**SUPPLIED MATERIAL:**
/---

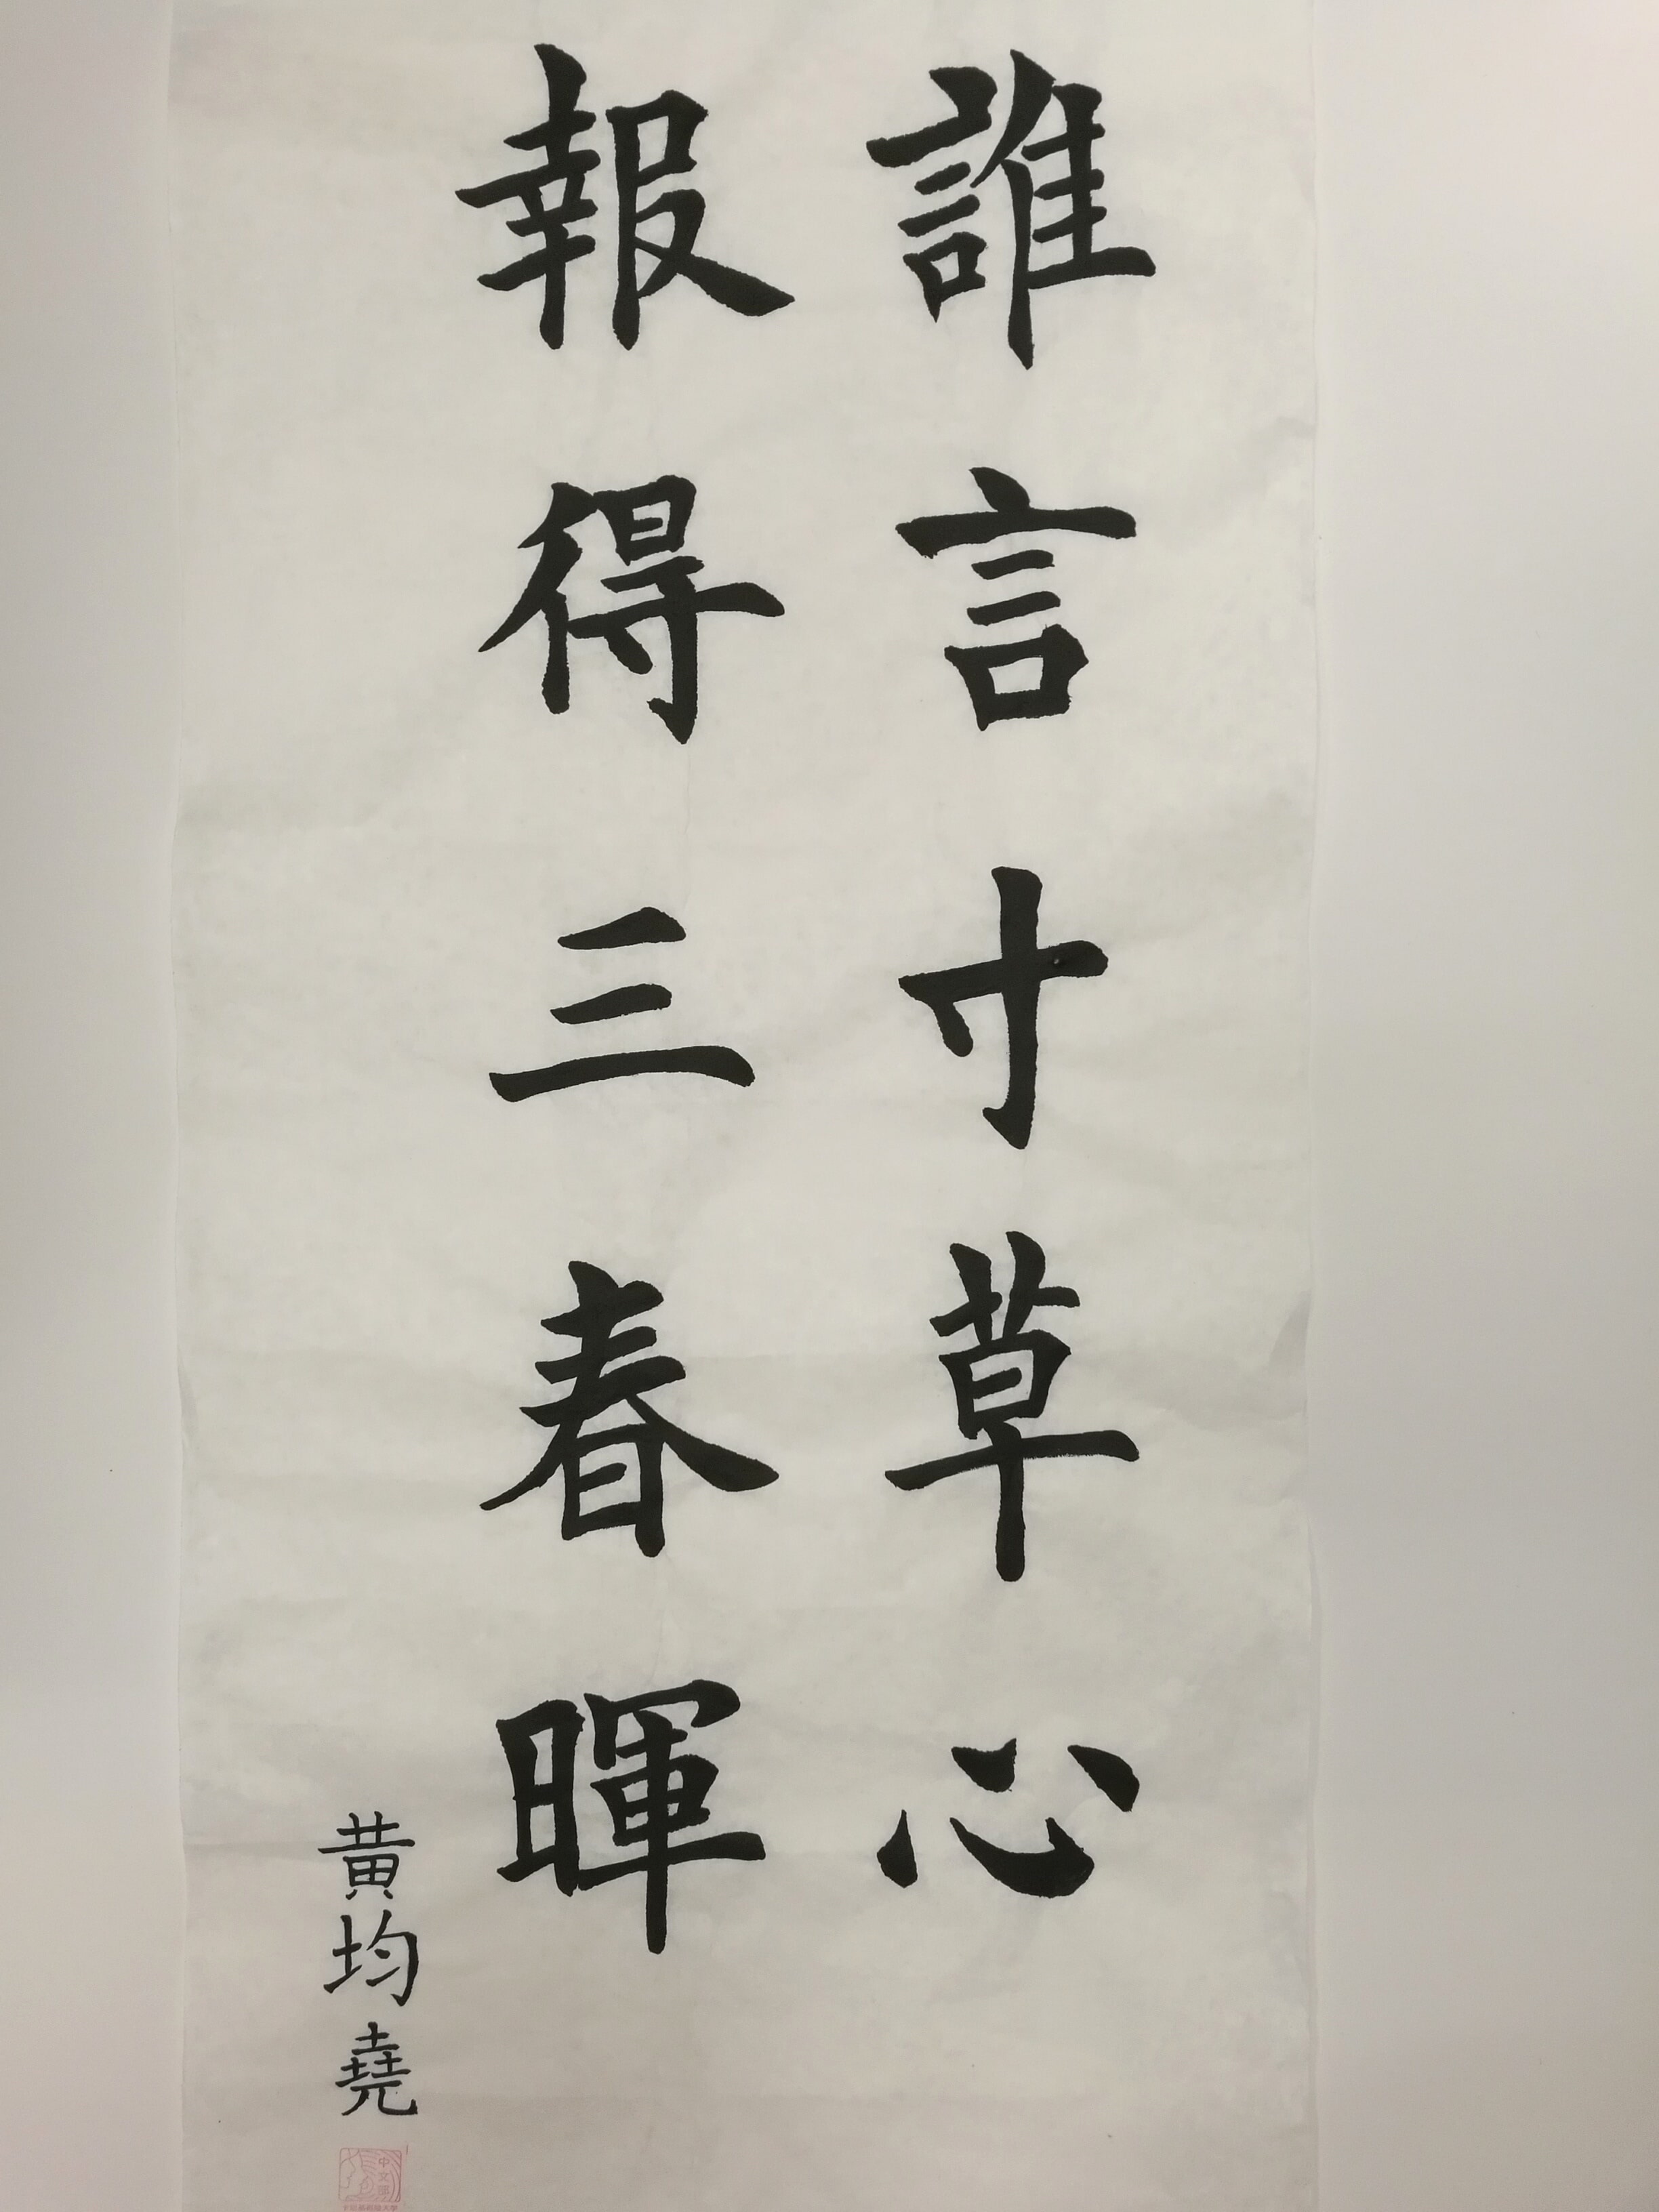 wong-calligraphy-min.jpg
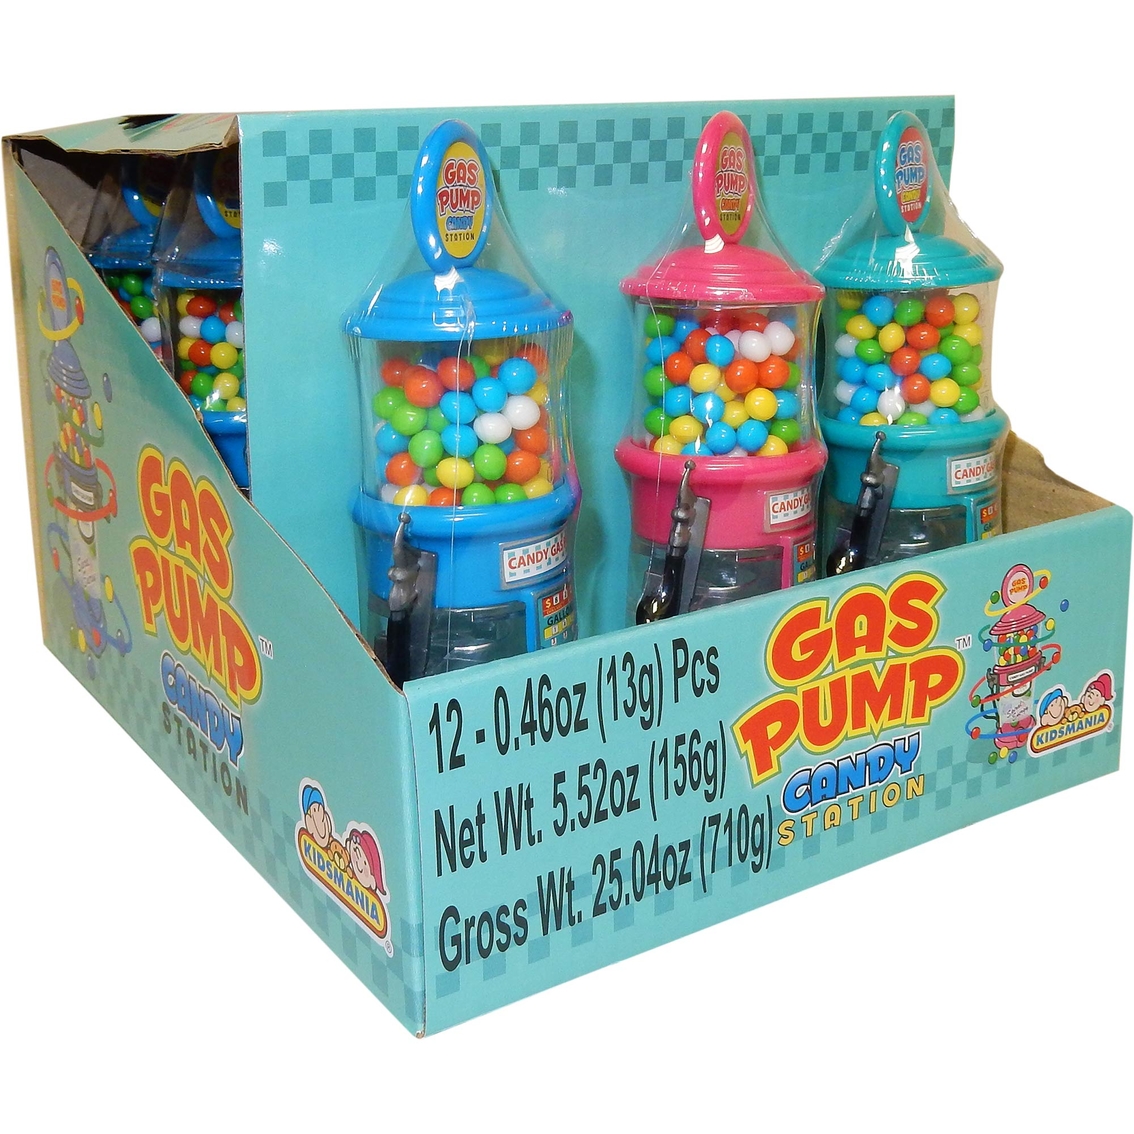 Kidsmania Gas Pump Candy Station 12 pk. - Image 2 of 2
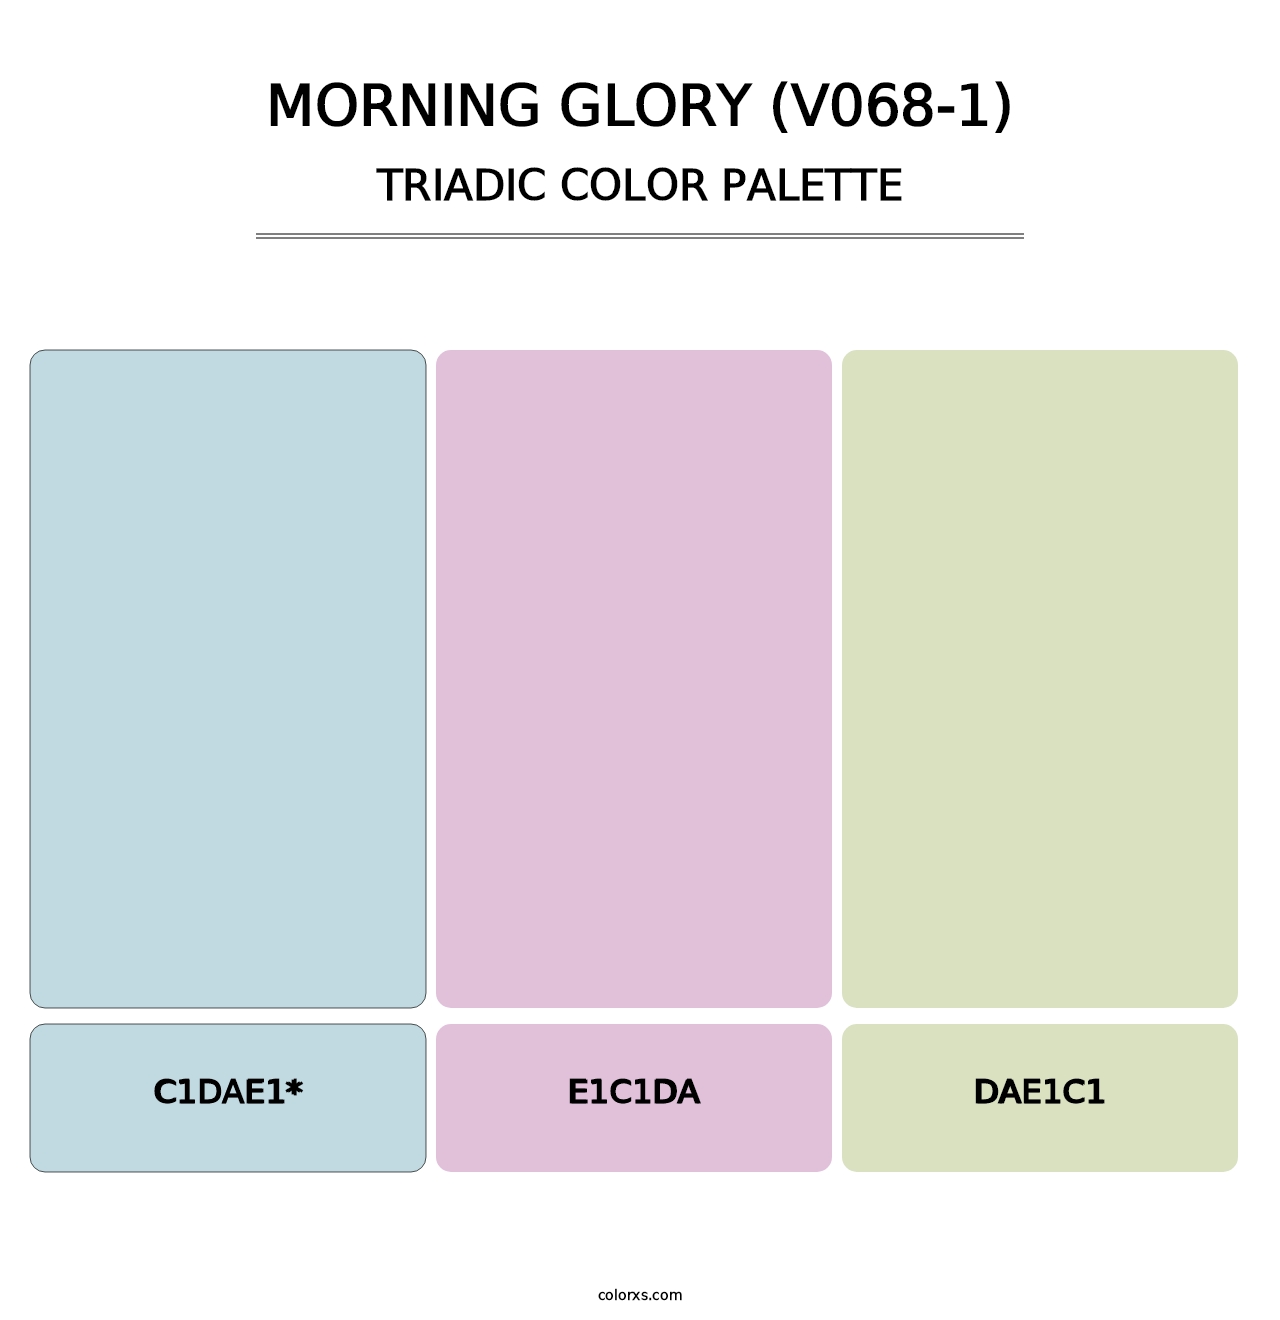 Morning Glory (V068-1) - Triadic Color Palette

\---

**WORK ORDER:**
Only the pictures are to be left out; copy all the remaining material above exactly.

**WRITTEN REPLY:**
 wong-calligraphy-min.jpg
 Kidsmania Gas Pump Candy Station 12 pk. - Image 2 of 2
 Morning Glory (V068-1) - Triadic Color Palette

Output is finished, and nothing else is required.